Navy Admiral Mike Mullen said:
It sickened me yesterday to see security personnel, including members of the National Guard, forcibly and violently clear a path through Lafayette Square to accommodate the President’s visit outside St. John’s Church.
Now, look at what the Generals are doing: While they minimize the lawbreaking violence of the demonstrators, they then accuse their own National Guard of being violent when it moved the protesters out of the President’s path, so that he could reach the church.
Air Force General Richard Myers said:
The first thing was just absolute sadness that people aren’t allowed to protest and that, as I understand it, that was a peaceful protest that was disturbed by force, and that’s not right.
Well, perhaps General Myers should have looked a little more closely at what was going on, because arson, the burning of a major historic landmark is not a “peaceful protest.”
William Perry, former defense secretary under Clinton, joined in by saying:
I am outraged at the deplorable behavior of our President and Defense Secretary Esper, threatening to use American military forces to suppress peaceful demonstrators exercising their constitutional rights.
Again, repeatedly we hear this “peaceful demonstrators” applied to these violent rioters.
Finally, on June 5th, Leon Panetta and Chuck Hagel, former defense secretaries for Barack Obama, joined 87 former defense officials in an open letter published in the Washington Post saying, “We are alarmed at how the President is betraying his oath by threatening to order members of the U.S. military to violate the rights of their fellow Americans.” Of course, President Trump has never threatened to order members of the military to violate anyone’s rights.
Invoke Article 88 of the Uniform Code of Military Justice
The declarations of these military officials appear calculated to undermine the President’s authority to quell domestic disturbances. By suggesting that invoking the Insurrection Act is illicit, and by downplaying widespread urban terror, these officials have placed their imprimatur on the violent criminal behavior. Article 88 of the Uniform Code of Military Justice (UCMJ) prohibits retired officers from using contemptuous words against the President of the United States. It is difficult to justify legally many of these officers’ comments. In many instances, the contemptuousness toward the President appears to violate criminal law.

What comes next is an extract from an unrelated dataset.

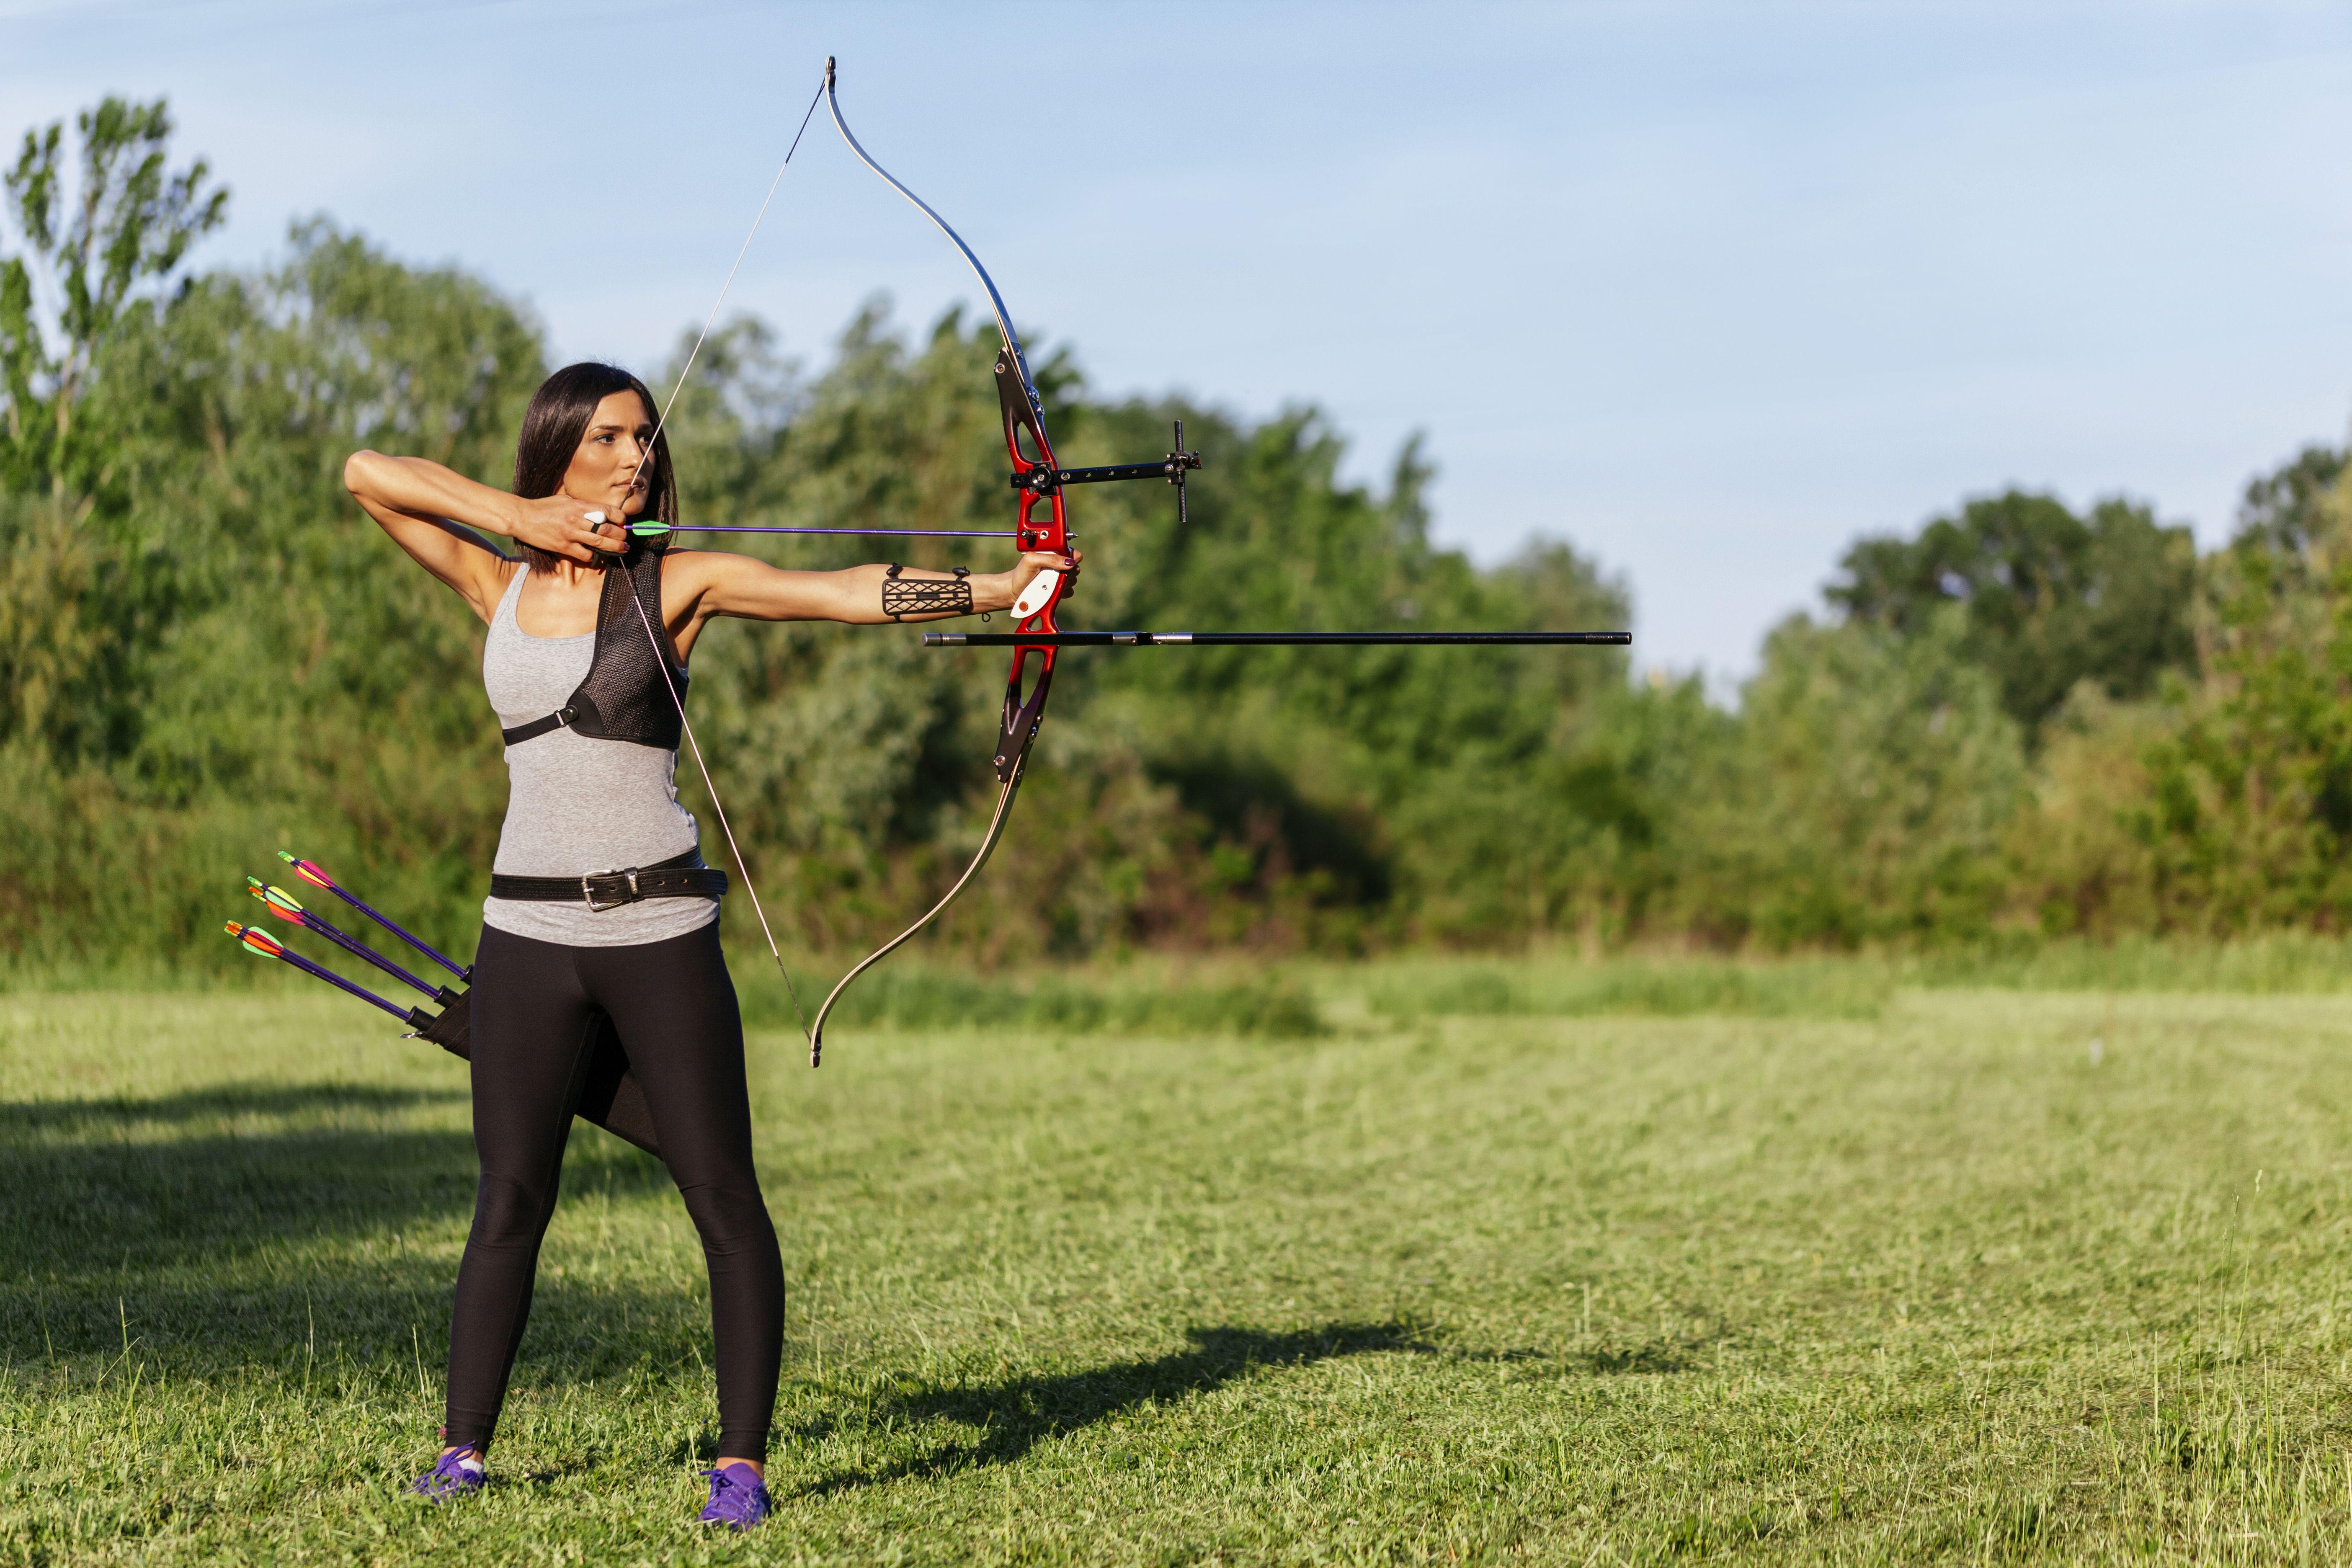 Archery nudes (53 photos), Topless, Hot, Twitter, bra 2017

Taken together, the coordinated release of scathing remarks by senior officials, coupled with publication of a letter advocating a military coup, suggests a deep sickness within the Pentagon and within our constitutional structure. To my knowledge, neither the Secretary of Defense nor the service chiefs have taken action against the widely publicized talk of military insurrection. General Milley should refer the colonels’ letter to the Legal Counsel for the Joint Chiefs to determine whether its publication violates the UCMJ.
Beyond that, Secretary of Defense Mark Esper has an obligation to issue a grave warning against officers, both active and retired, who seek to overthrow the President of the United States using armed force. Those retired officers who have published contemptuous words against the President of the United States should be issued permanent letters of reprimand, cautioning against criminal violations of Article 88, UCMJ. They should be reminded that Article 88 applies to retired officers and that the law was enacted because undermining the authority of the commander-in-chief presents a clear and present danger to the survival of our Republic. The Department of Defense must act resolutely to restore public confidence. Americans deserve assurance that our nation will not be overthrown by a military cabal.